Guess because the topic was Being Human, I wanted it to leak out of subconscious rather than being too planned.
Thanks for appreciating the work that went into Suki’s skin too, hehe. I didn’t it want to be an obvious race thing, but rather that they all respected her as the leader as a sub-plot reference to the change Bob embodies in moving them from slave-owning to people-honouring. Her existence as a black captain (which is mentioned in the first comic as the reason she can’t approach the boy) was supposed to be the hat-tip to society’s (or individuals) ability to both do well with equality in some ways, and to also have its own blind spots that need challenging.
Also boobs.
I (and I’m sure many others) will eagerly and gladly read anything you choose to release to the world — finished, unfinished, just begun, only a scribble — anything. Your barely realized work is surely far better than mostof the drivel out there.
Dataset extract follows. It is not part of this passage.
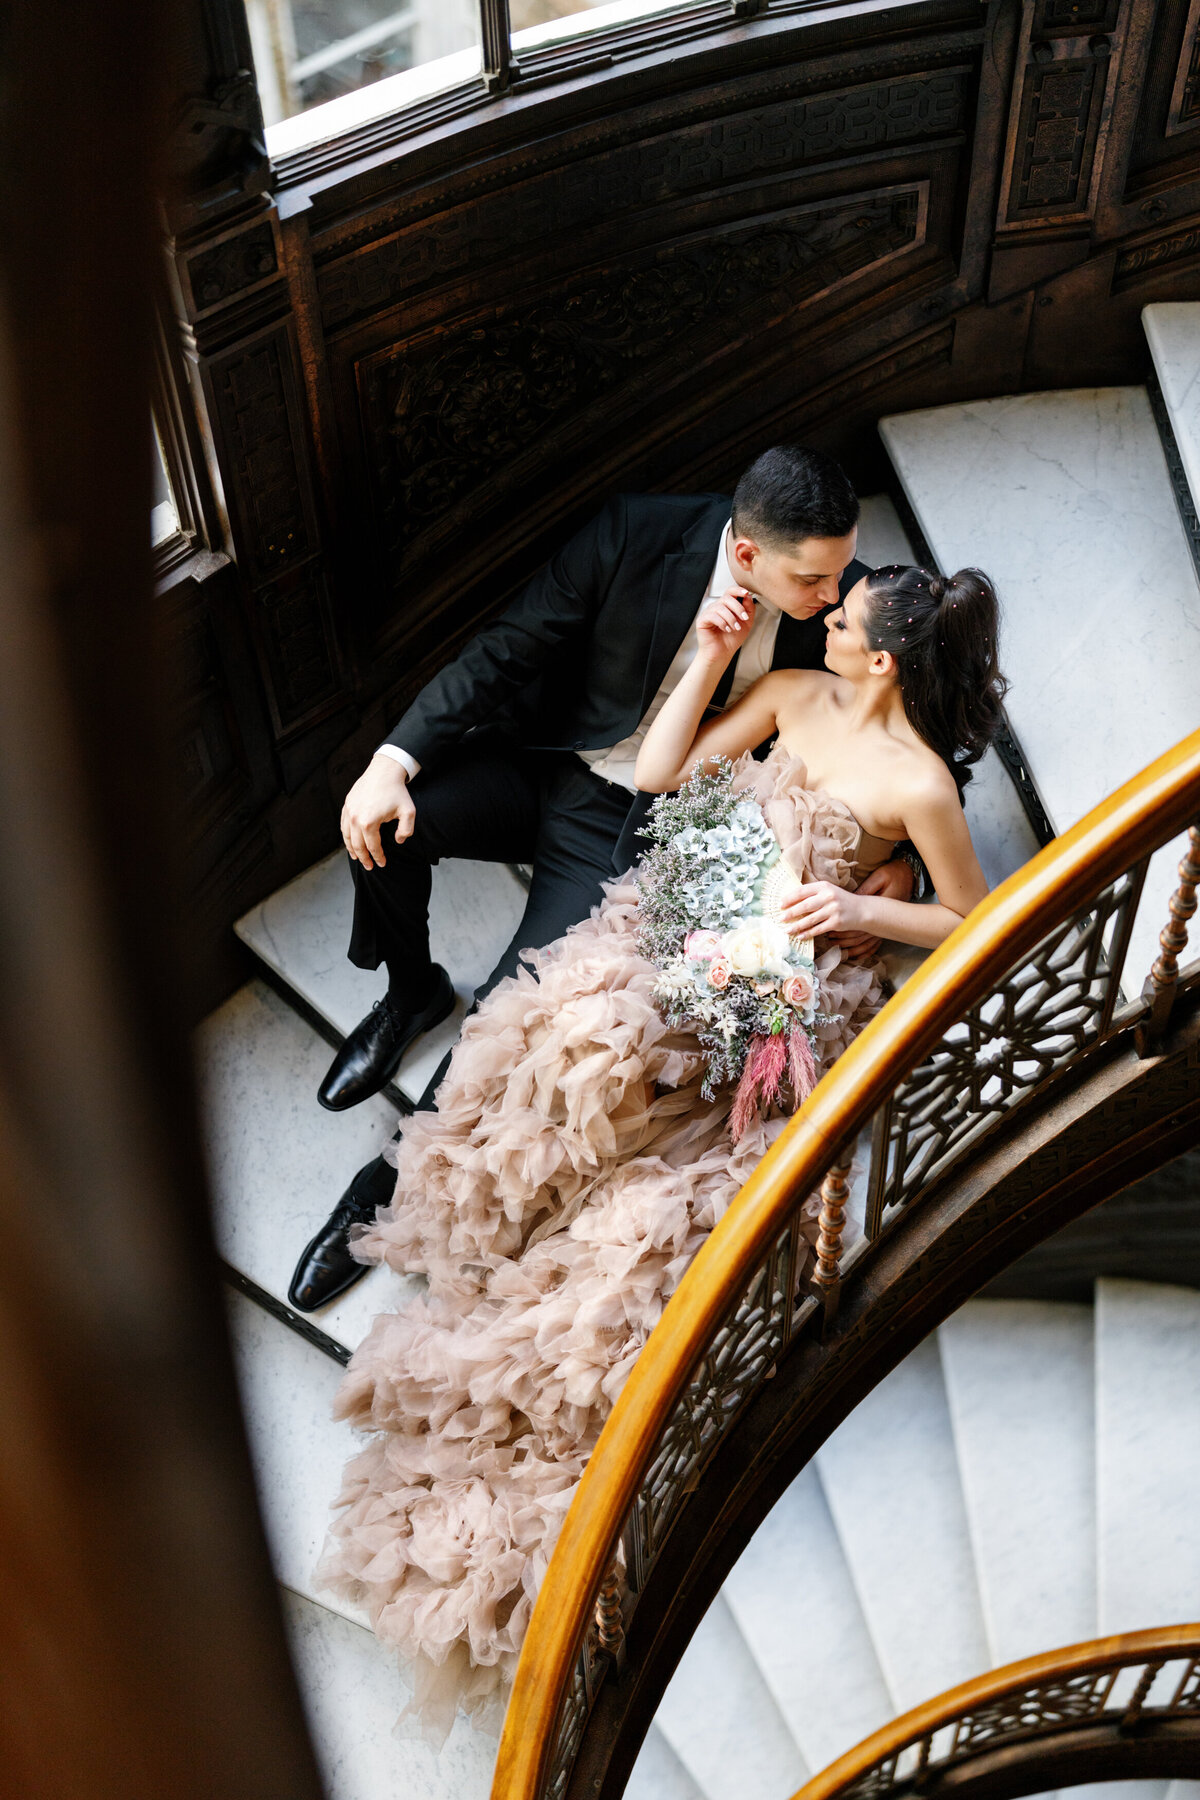 Aspen-Avenue-Chicago-Wedding-Photographer-Rookery-Engagement-Session-Histoircal-Stairs-Moody-Dramatic-Magazine-Unique-Gown-Stemming-From-Love-Emily-Rae-Bridal-Hair-FAV-35

Oh that pub sounds wonderful! I’ve always wanted to find something like that. I think I first read about it in a Star Trek book. Kirk was sitting at a pub, in a leatherback chair, reading a book. I think it might’ve been The Prime Directive but not sure.
It’s hard to find something like that here in the USA (Fun fact: That pub you were in is probably older than our entire country!)
You said they had no wi-fi? I wonder if they’d mind if you brought a laptop with you? You could probably noodle out a bunch of stories in that location. That’s a good place to write something about old wood and nice chairs and foamy pints. If I can’t find something like that, at least I can read about it.